Ce qui m’a toujours frappé dans les opinions des ouvriers, c’est qu’elles sont sans politesse, j’entends par là que lorsqu’ils vous interrogent et vous réfutent, ils ne se soucient point de vous plaire ; si vous êtes choqué, ils s’en moquent. C’est par là qu’ils effraient d’abord le bourgeois. Cela tient certainement à l’indépendance qu’ils ont par leur habileté manuelle. Celui qui sait faire des souliers n’a pas besoin de plaire à celui qui le paie. Mais il y a une autre raison, plus positive, qui vient de l’outil et de la chose. Car toute cette matière est sans politesse et sans caprice ; il faut l’observer et la vaincre, sans égards ni flatteries. C’est l’étude des choses et le maniement des choses qui a instruit l’humanité et qui a découronné les Dieux. La sagesse qui triomphe de plus en plus, c’est celle du forgeron, de l’ajusteur, du machiniste. Dans le travail bourgeois, il y a des miracles, car un bon discours retourne le client ; dans le travail ouvrier, il n’y a point de miracles. Maxime pour les bourgeois : « l’homme peut juste autant qu’il plaît. » Maxime pour l’ouvrier : « l’homme peut juste autant qu’il sait. » Le vrai savant est un grand ouvrier.

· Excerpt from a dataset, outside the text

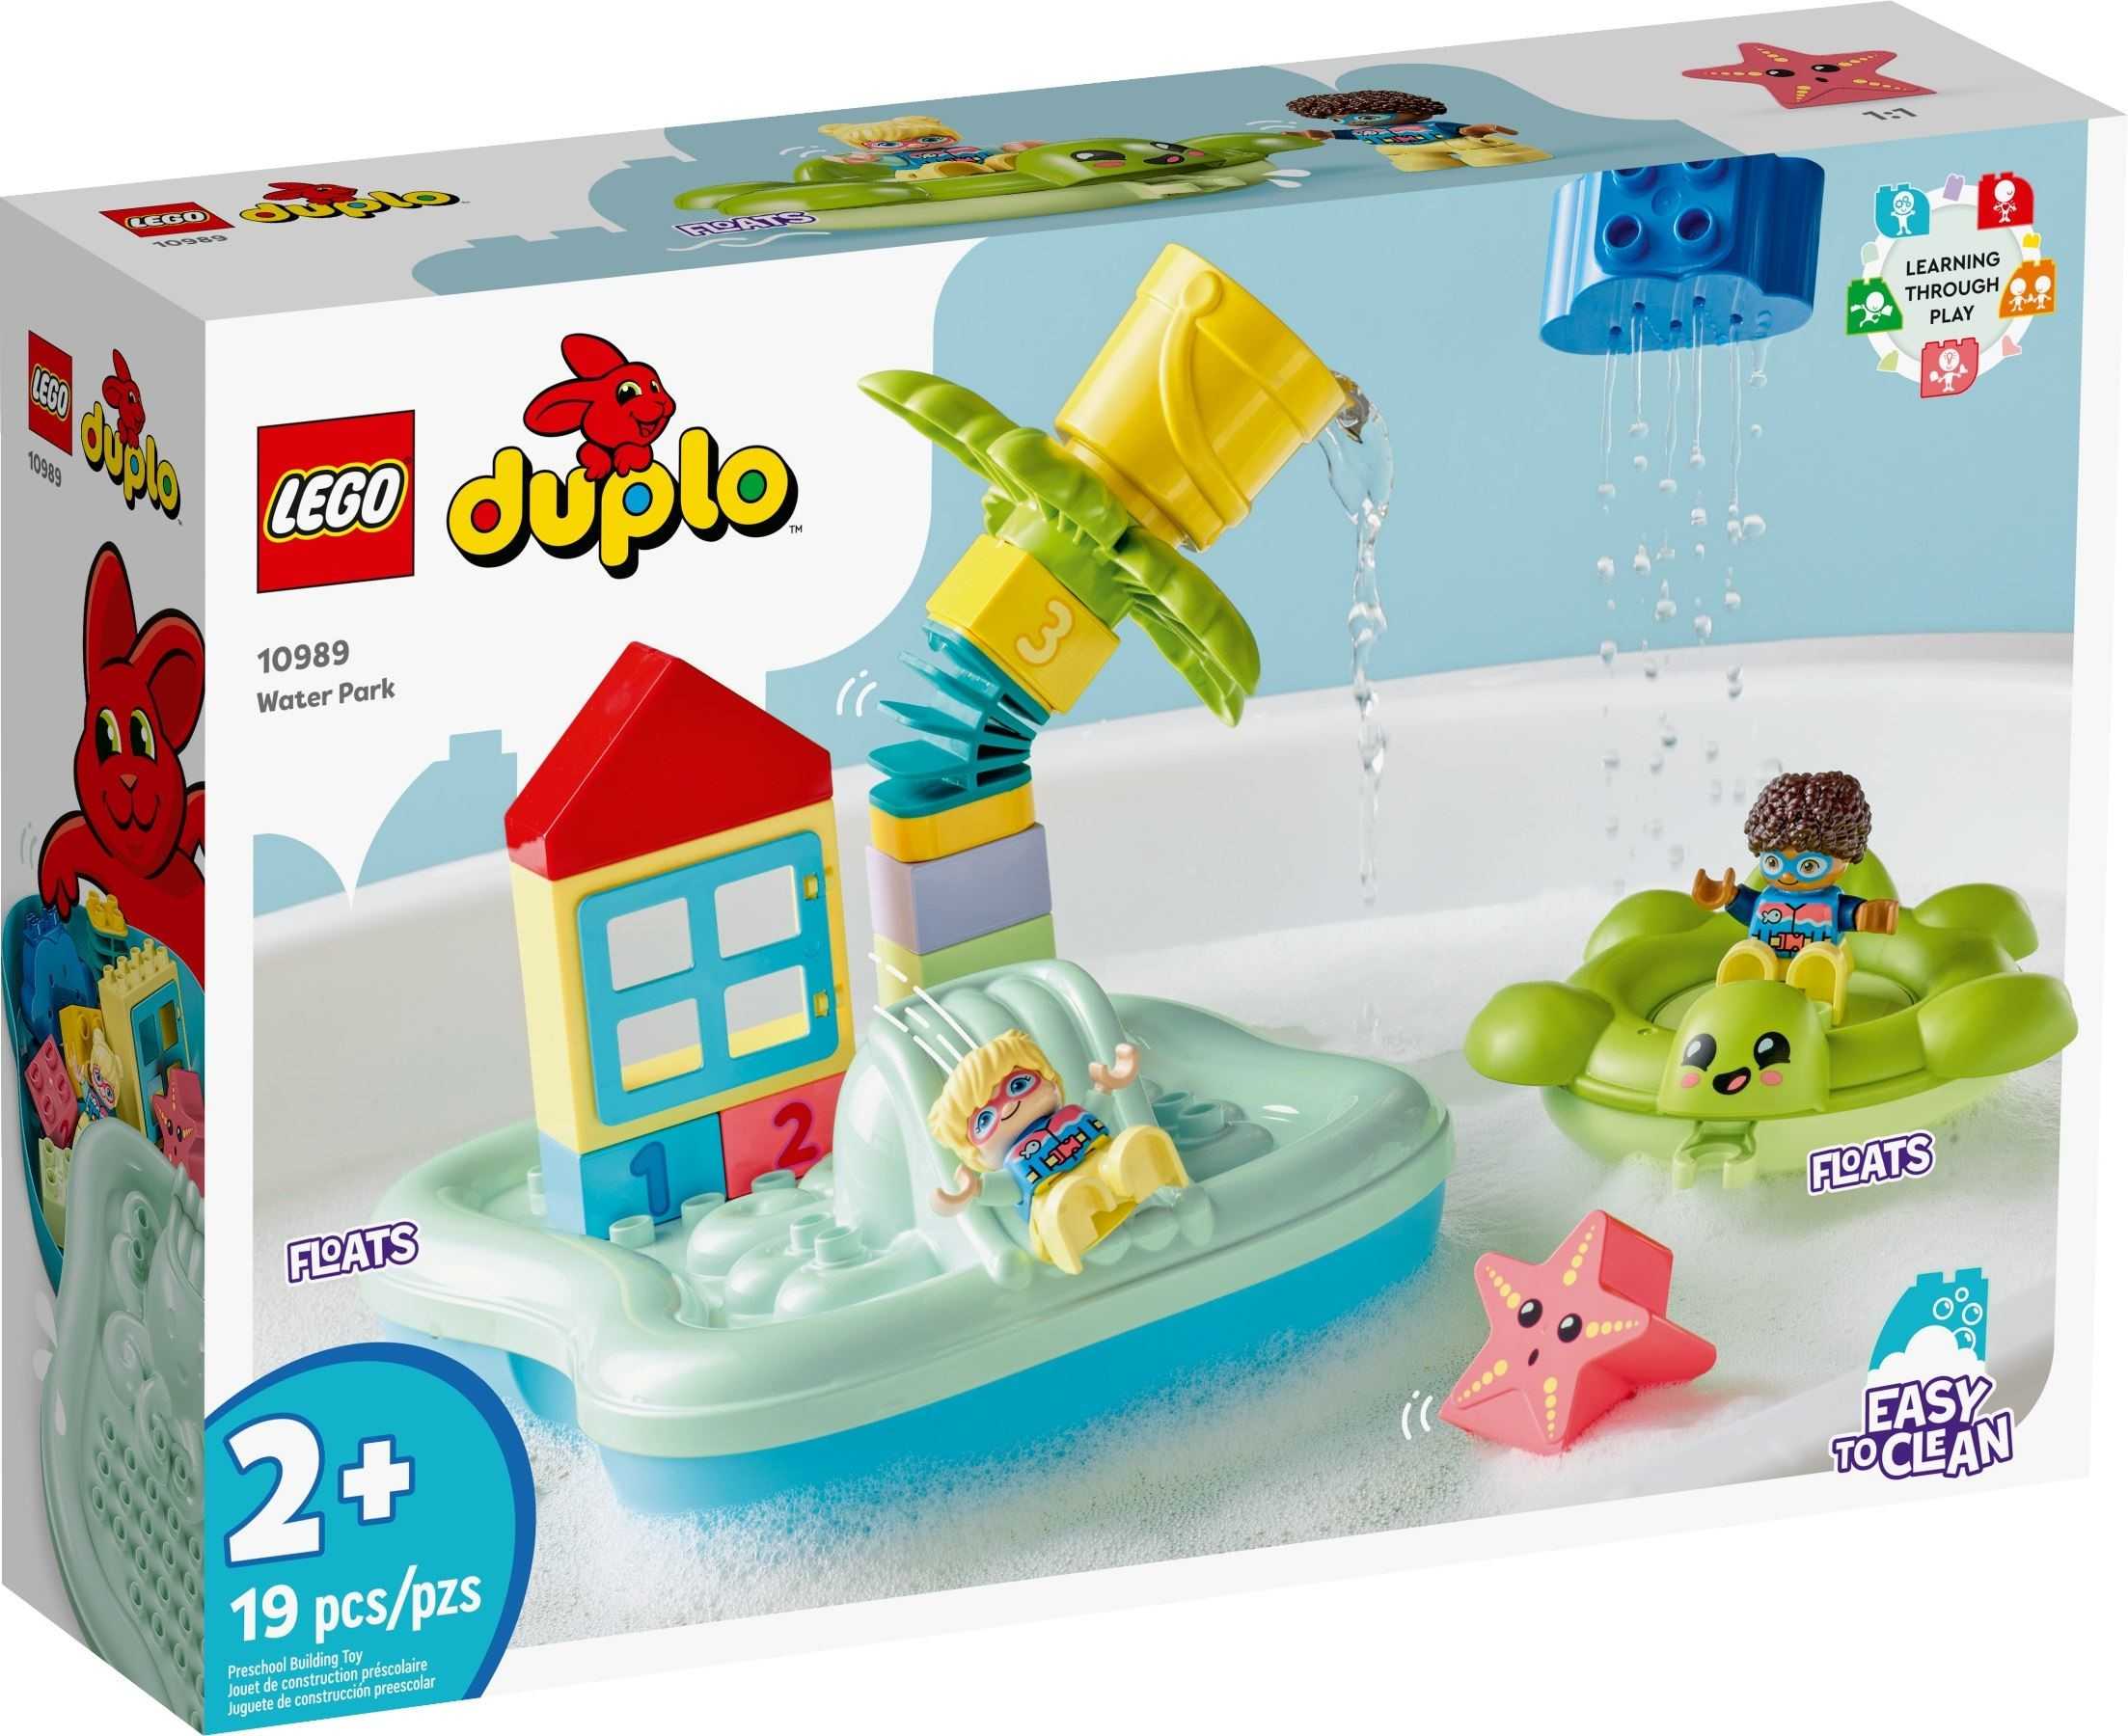 【電積系@北投】LEGO 10989 水上樂園-Duplo
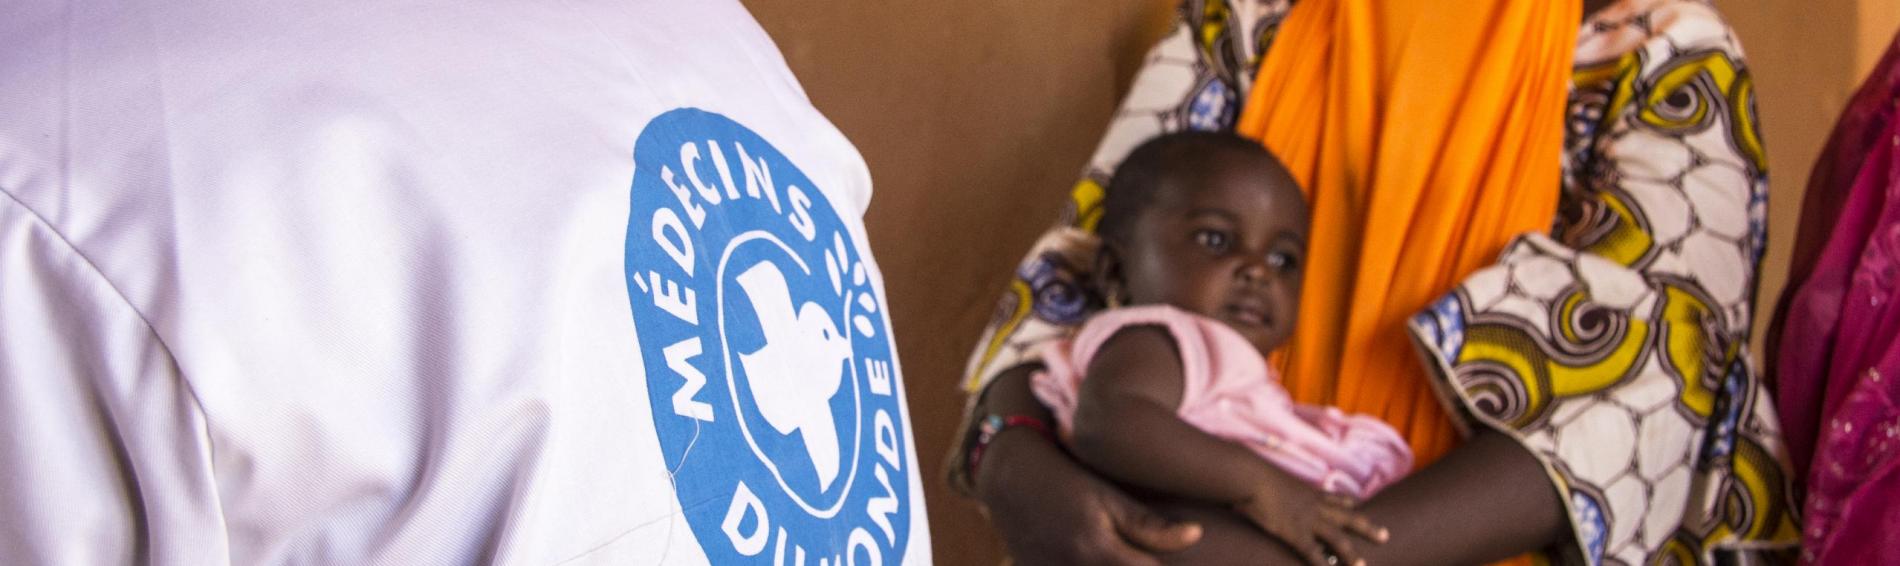 Een Malinese baby in de armen van haar moeder. Op de voorgrond één van onze artsen met een jas waarop het logo staat.

Le paysan a un autre caractère. D’un côté on peut dire qu’il manie les choses, ce qui lui donnerait du positif, et cette dignité ouvrière, qui agit au lieu de prier. Mais parmi les choses que manie le paysan, il y a les animaux domestiques, envers lesquels il y a une espèce d’éloquence, tantôt ingénieuse, tantôt brutale. En ce sens, un cocher serait autant paysan qu’ouvrier, mais bourgeois aussi en ce sens qu’il vit de politesse. Surtout les choses au paysan, qui sont la terre, la pluie, le soleil, ont, pris ensemble, des espèces de caprices ; les saisons ne répondent pas au travail comme le fer ou le courant électrique. Les immenses phénomènes météorologiques sont irréguliers d’apparence. Aussi on prie pour avoir la pluie ; on ne prierait point pour avoir de l’acier bien recuit. Il est donc vraisemblable que le paysan inclinera toujours à la superstition et à la poésie religieuse, faute d’une expérience sans ambiguité. Aussi croira-t-il moins aisément à la justice que ne fait l’ouvrier. Il saura attendre. Patience, vertu paysanne. Espérance, vertu bourgeoise. Volonté, vertu ouvrière.